Hackers Jailbreak T2 Security Chip Used In Macs Using Unpatchable Flaw
Security researchers claim that they have successfully jailbroken the T2 security chip used in MacBooks, iMacs, Mac Pro, and Mac mini. The jailbreak was made successful by utilizing two exploits that were previously created for iPhones.
T2 security chips are co-processors included in Macs and contain a Secure Enclave Processor which protects sensitive data and parts of the operating system including passwords, Touch ID authentication data, secure boot, and even storage encryption. The chip is also used for hardware video acceleration, especially for encrypted video streams such as 4K Netflix playback. iPhone exploits, which include checkm8 and blackbird, can be used to gain full control of the Macs, modify encrypted data, or access critical functions of the operating system without any restrictions. The flaw has been tested and verified to be working by many security researchers.
The jailbreak works by connecting to a Mac via a USB-C cable and running checkra1n version 0.11.0 during the Mac's boot process. This allows the user to enter the Device Firmware Update (DFU) without authentication via the debugging interface in the T2 security chip.
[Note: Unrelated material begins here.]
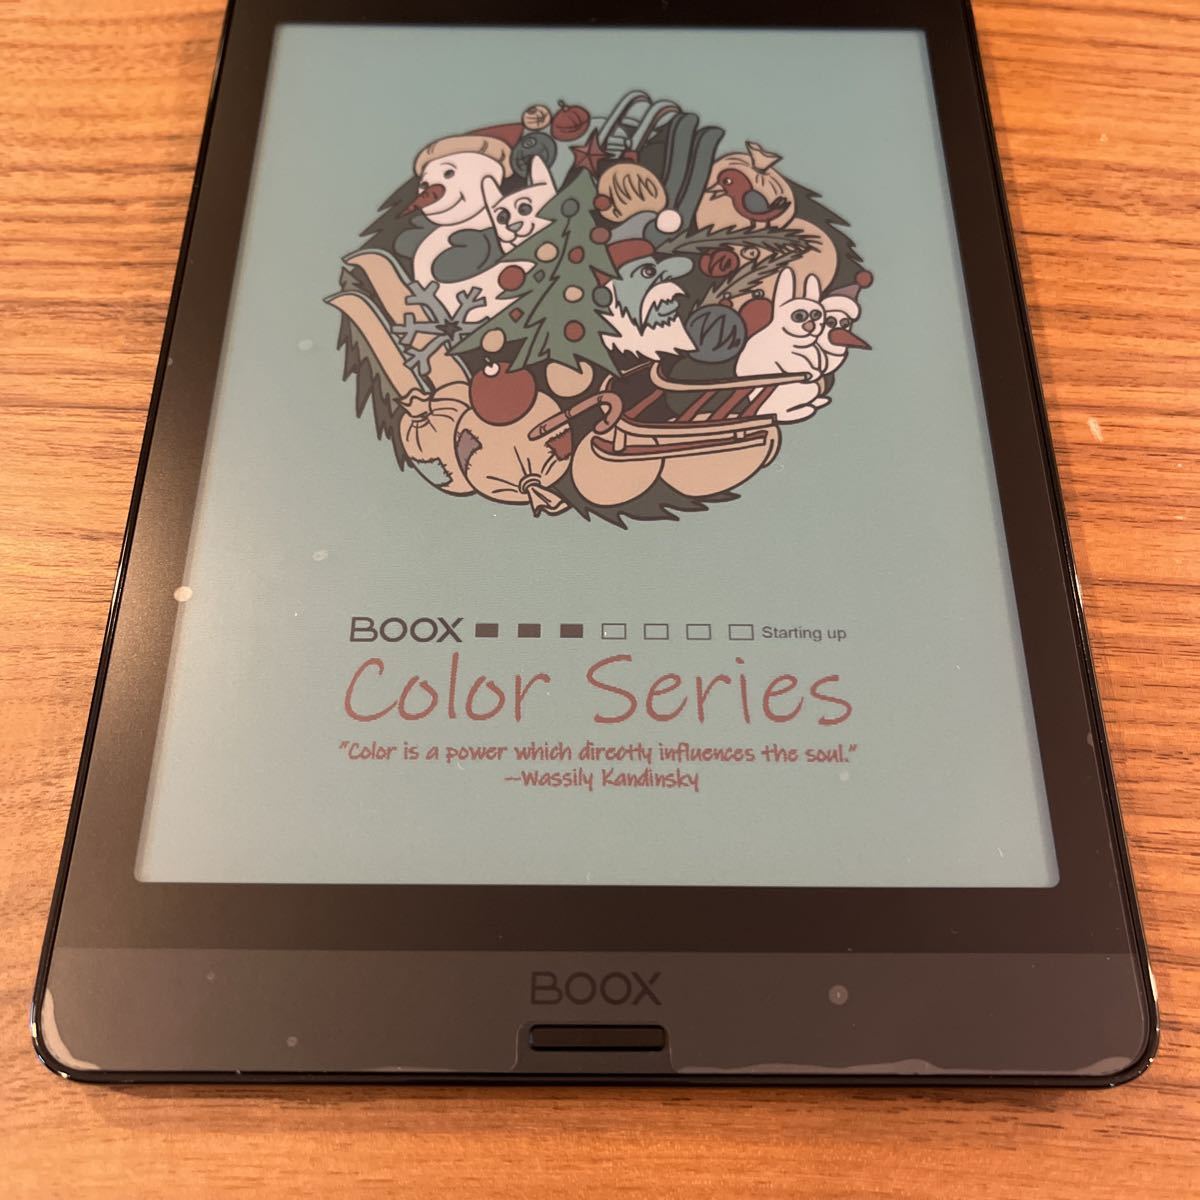 [ цвет электронный бумага * чтение оптимальный ]ONYX Nova3 Color Android планшет BOOX черный gold доллар Wi-Fi электронная книга 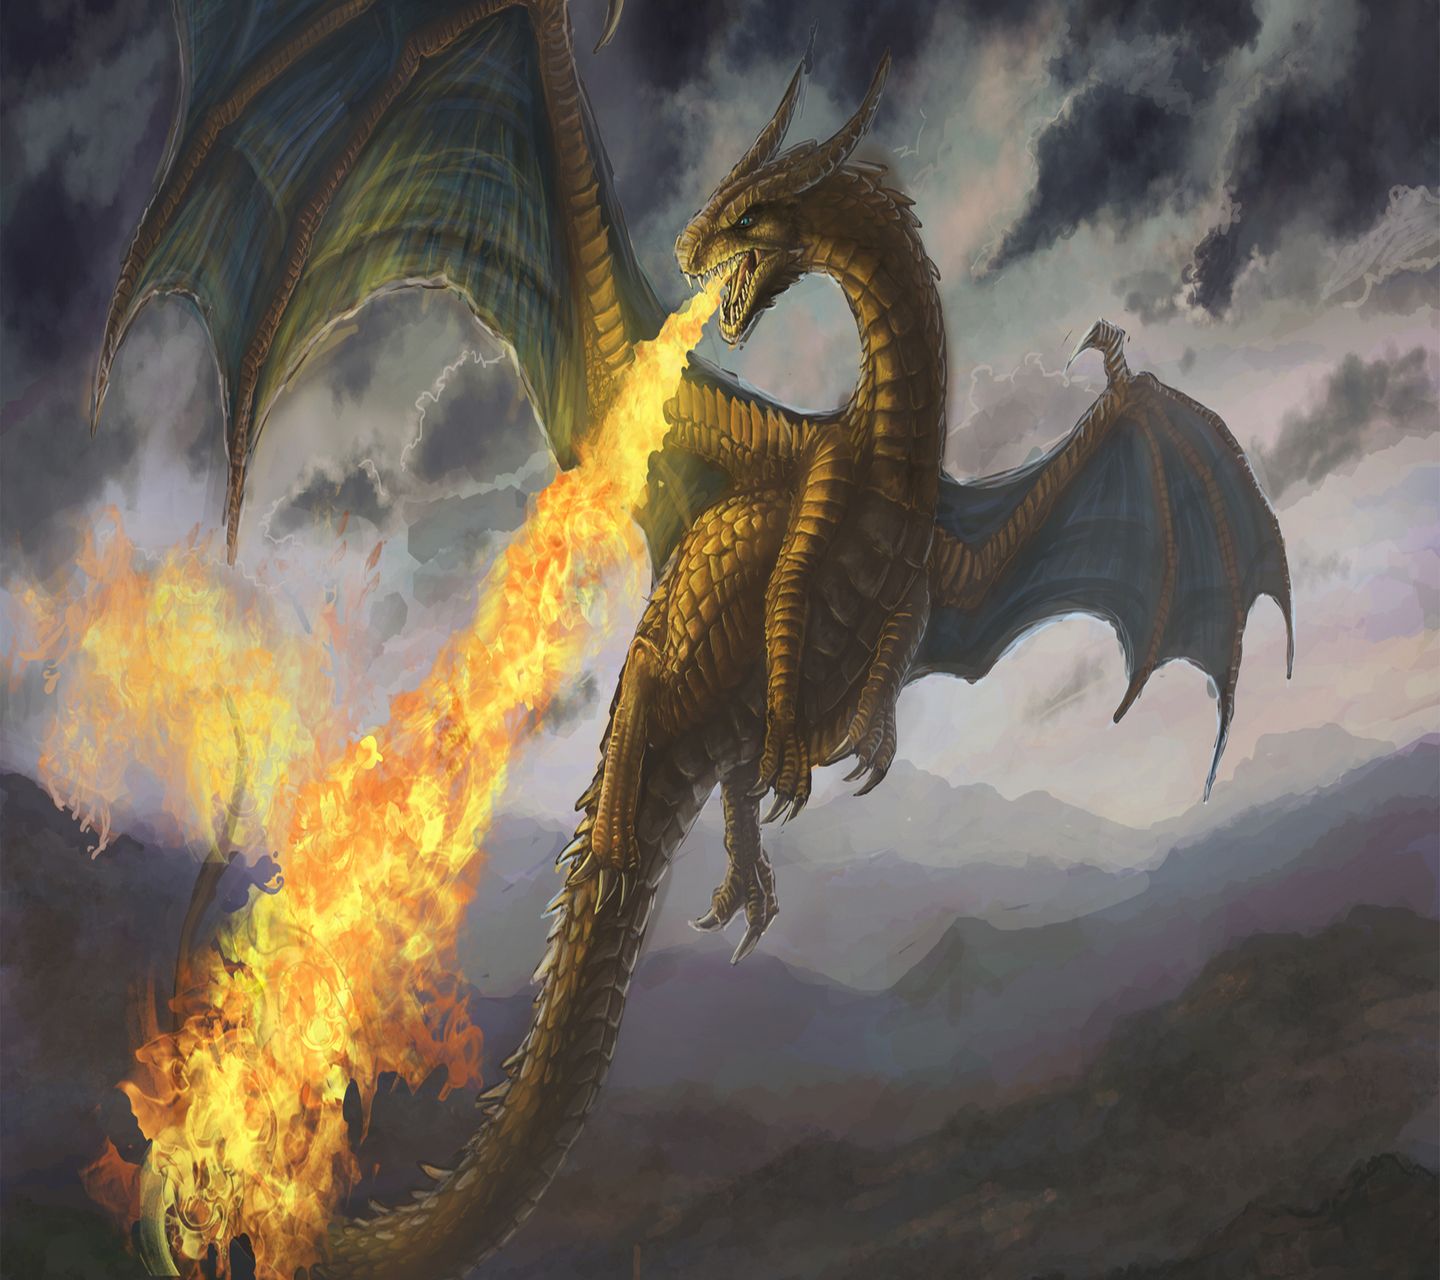 Ảnh rồng lửa là sự kết hợp tuyệt vời giữa đam mê phiêu lưu và nghệ thuật. Với bức ảnh này, bạn sẽ được nhìn thấy một con rồng ngụy trang trong ngọn lửa đang chờ đợi được khám phá.

As per Belgian security firm ironPeak, it is possible to create a USB-C cable that can automate this process and exploit any Mac during boot.
Once hackers gain root access to the T2 chip, they can theoretically access encrypted data and even access passwords.
Of course, hackers need physical access to the Mac to gain access to it. In most scenarios, users would be safe, but this opens up space for Macs to be stolen and resold in the used market. The hack would also allow law enforcement agencies to gain access to Macs which would previously be locked out because of the T2 security chip.
At the time of writing, Apple has not acknowledged this issue publicly. It is also being considered that the flaw cannot be patched via a software update, but we will let Apple make the final call on that. For those who feel that their Mac has been tampered with, they can reinstall BridgeOS on the T2 chip on their Mac using the Apple Configurator app.